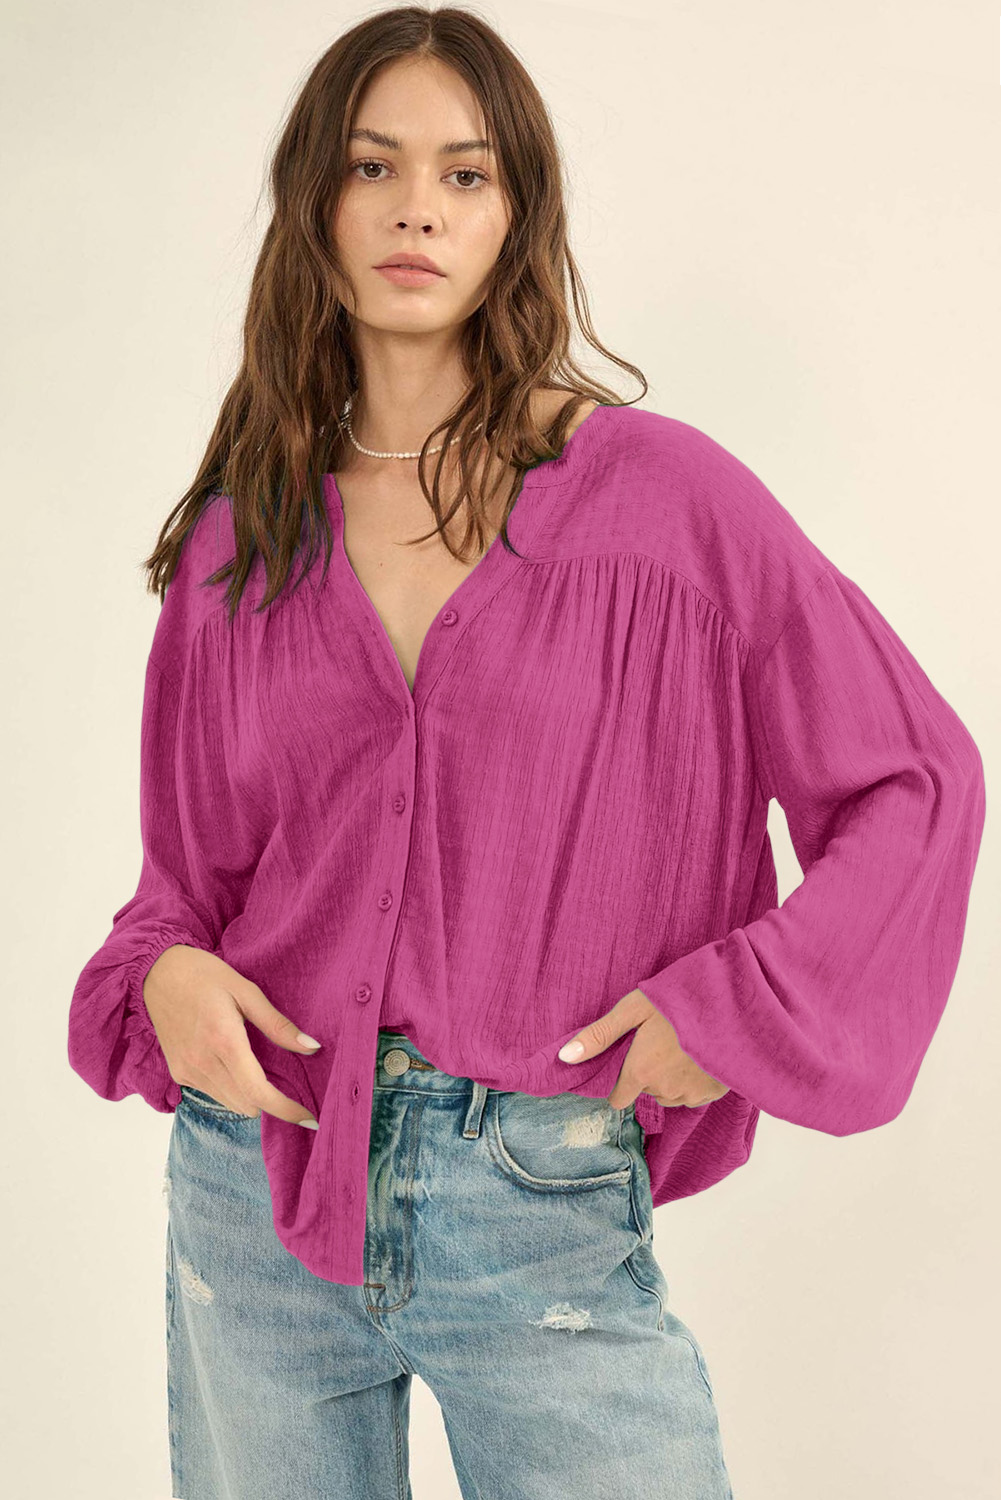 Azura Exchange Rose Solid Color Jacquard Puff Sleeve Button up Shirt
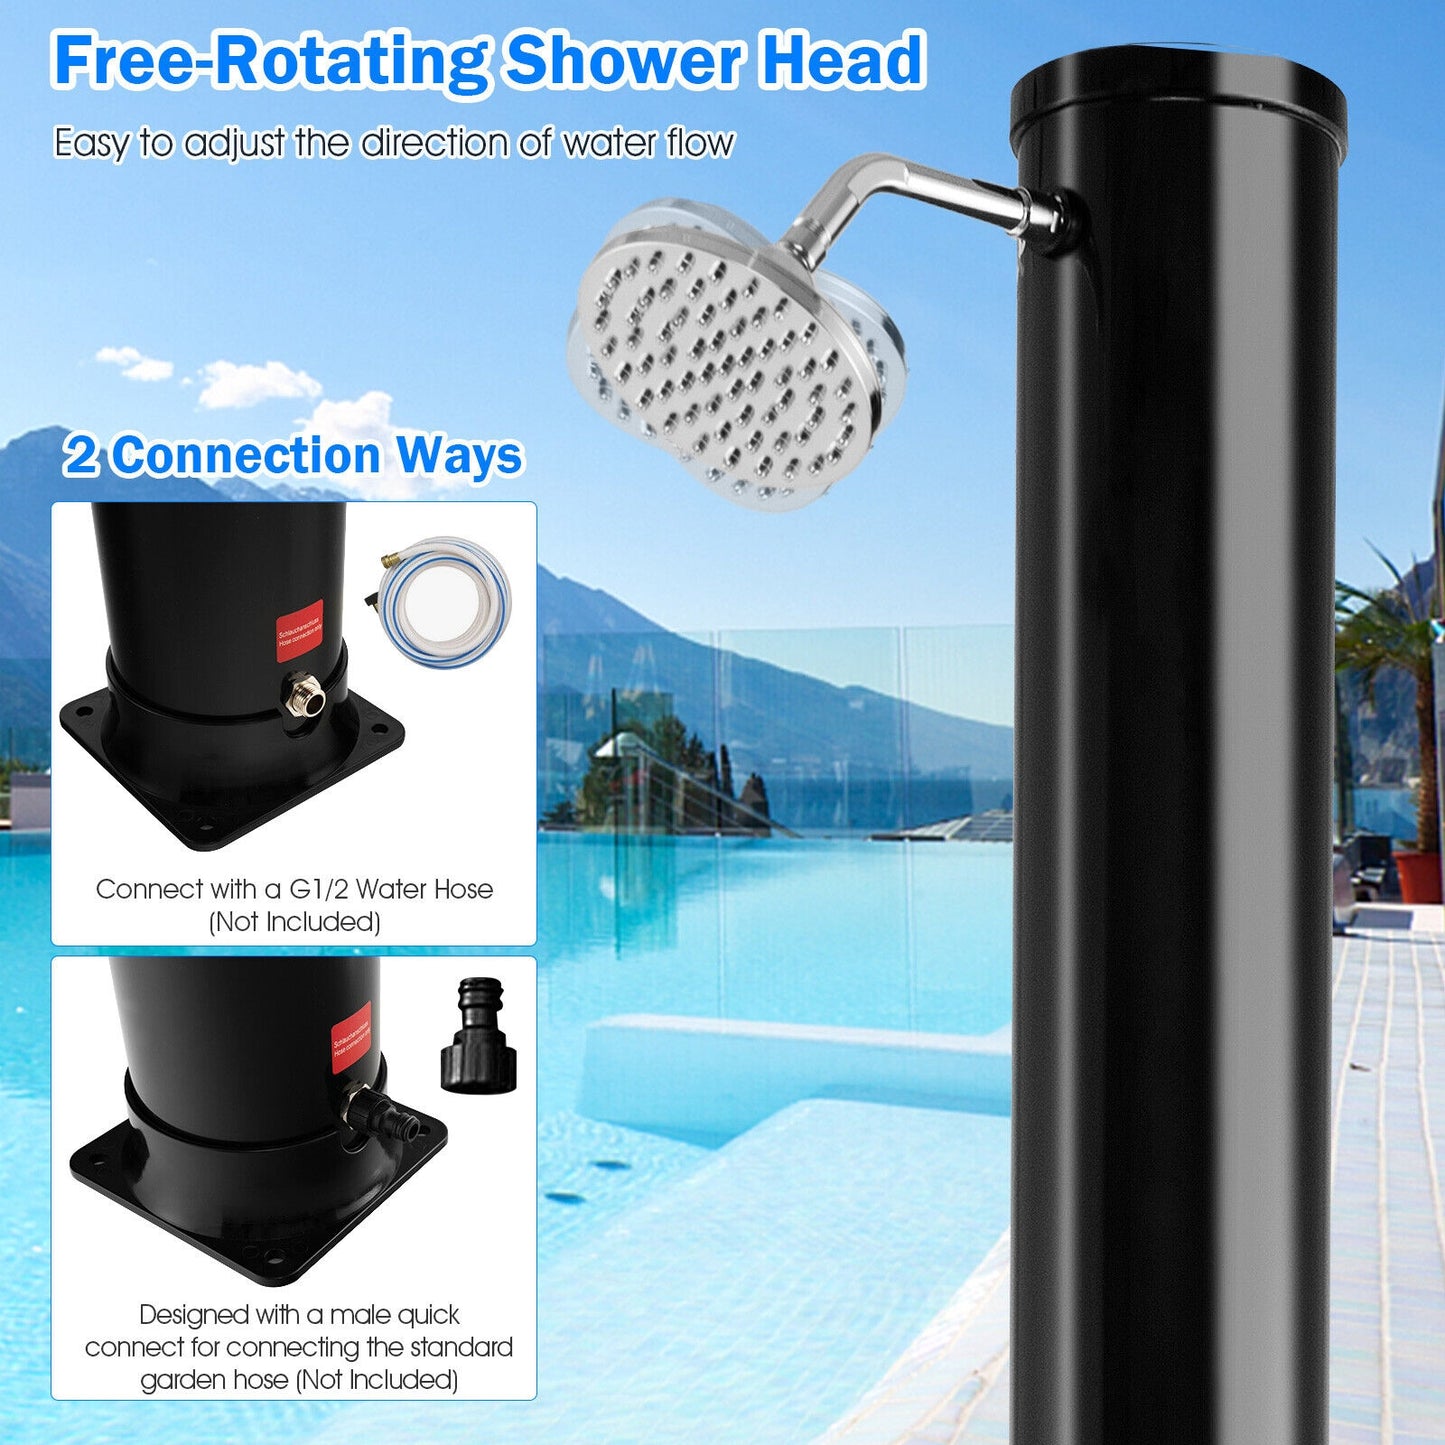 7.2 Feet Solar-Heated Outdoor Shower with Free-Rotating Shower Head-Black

——

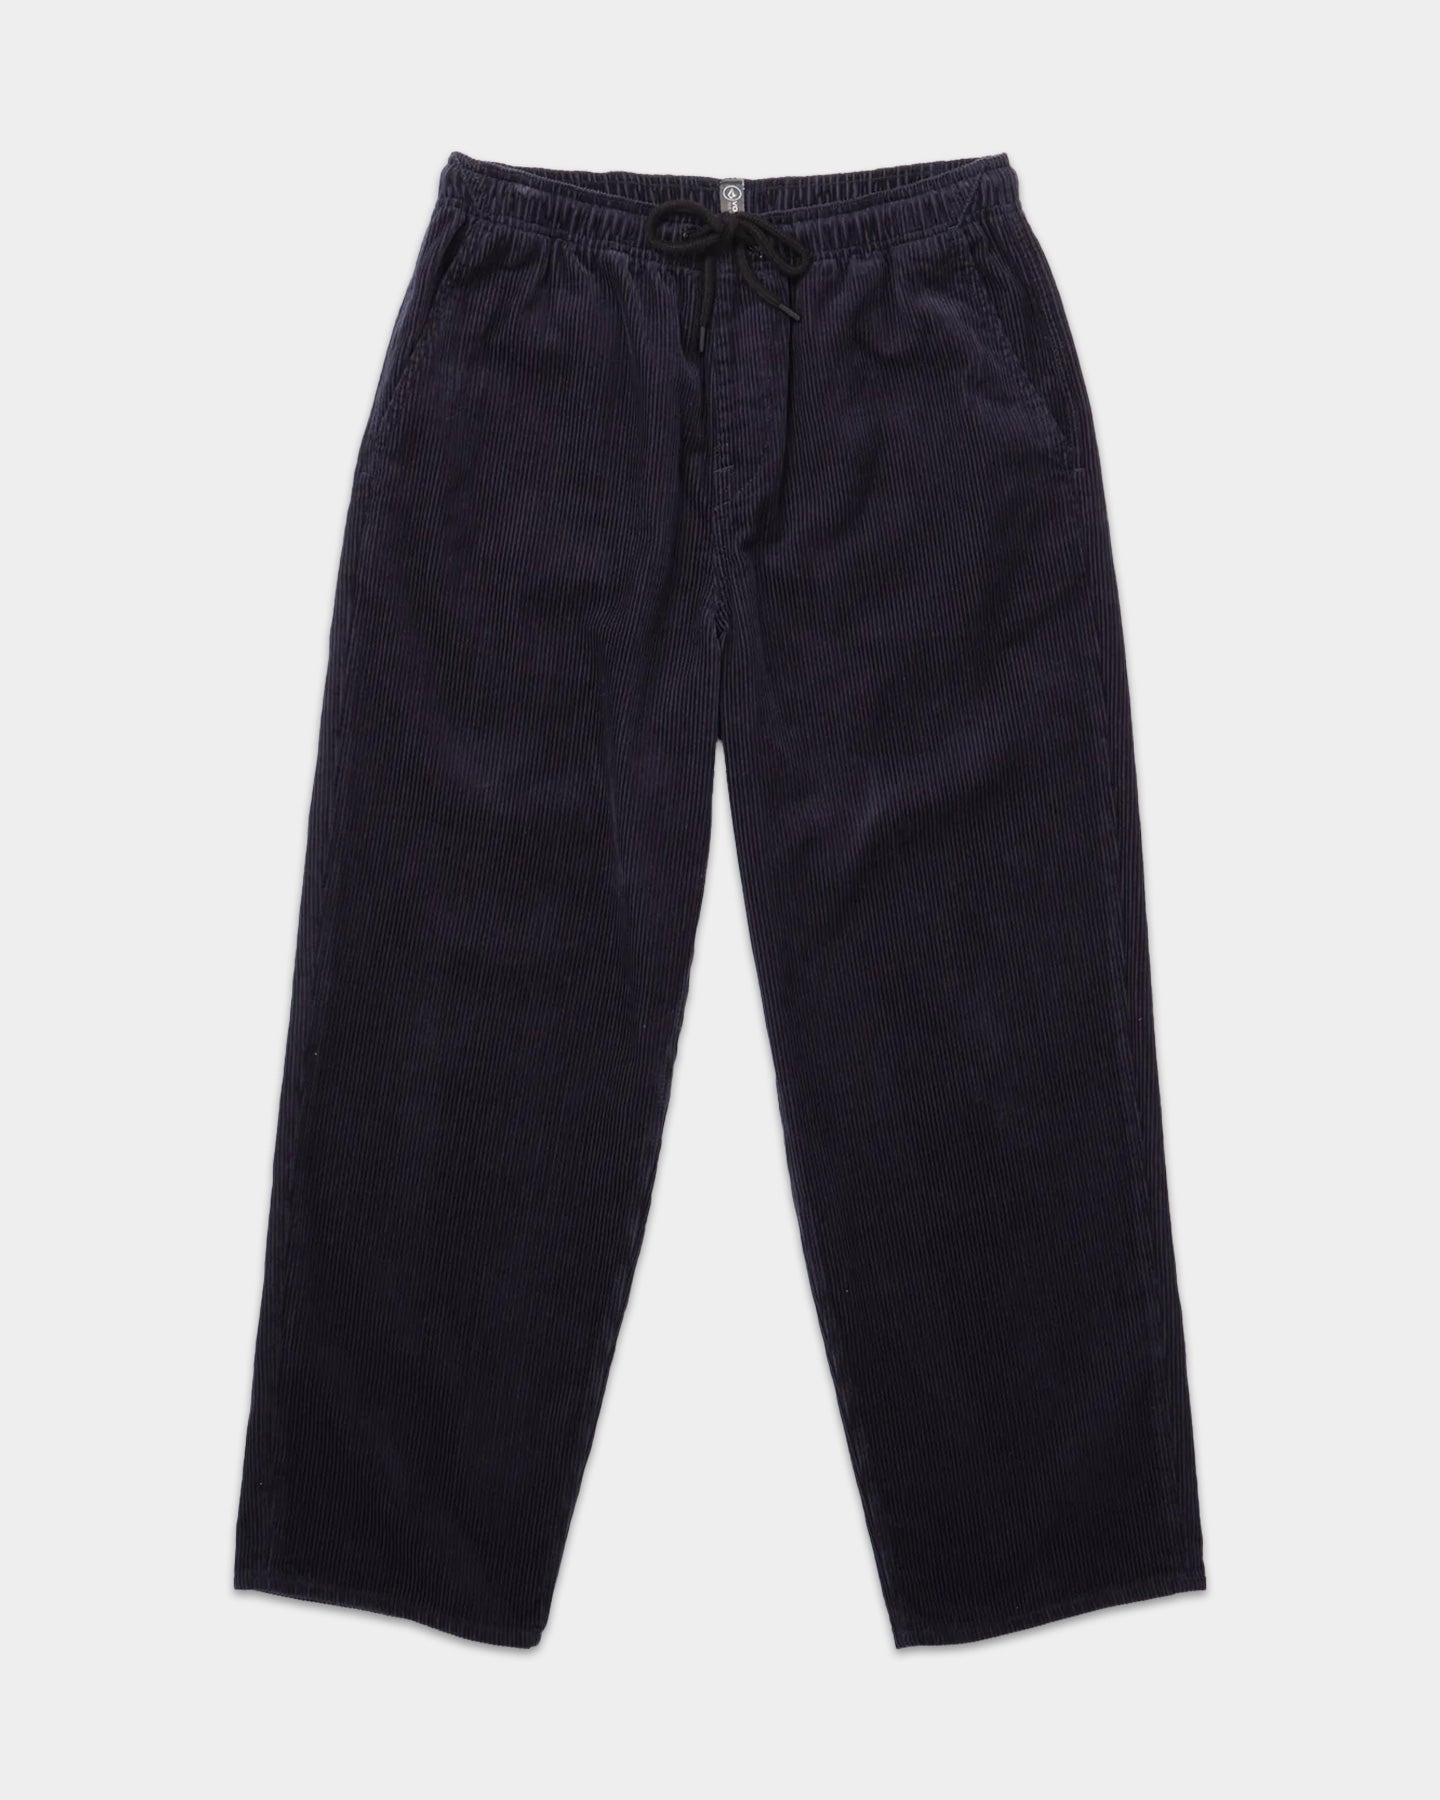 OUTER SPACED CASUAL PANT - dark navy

——

Reproduce the entries exactly, from the line with "Azura Exchange Rose" to the line with "7.2 Feet Solar-Heated", both lines included, keeping no pictures.

Exercise answer:
 Azura Exchange Rose Solid Color Jacquard Puff Sleeve Button up Shirt
 7.2 Feet Solar-Heated Outdoor Shower with Free-Rotating Shower Head-Black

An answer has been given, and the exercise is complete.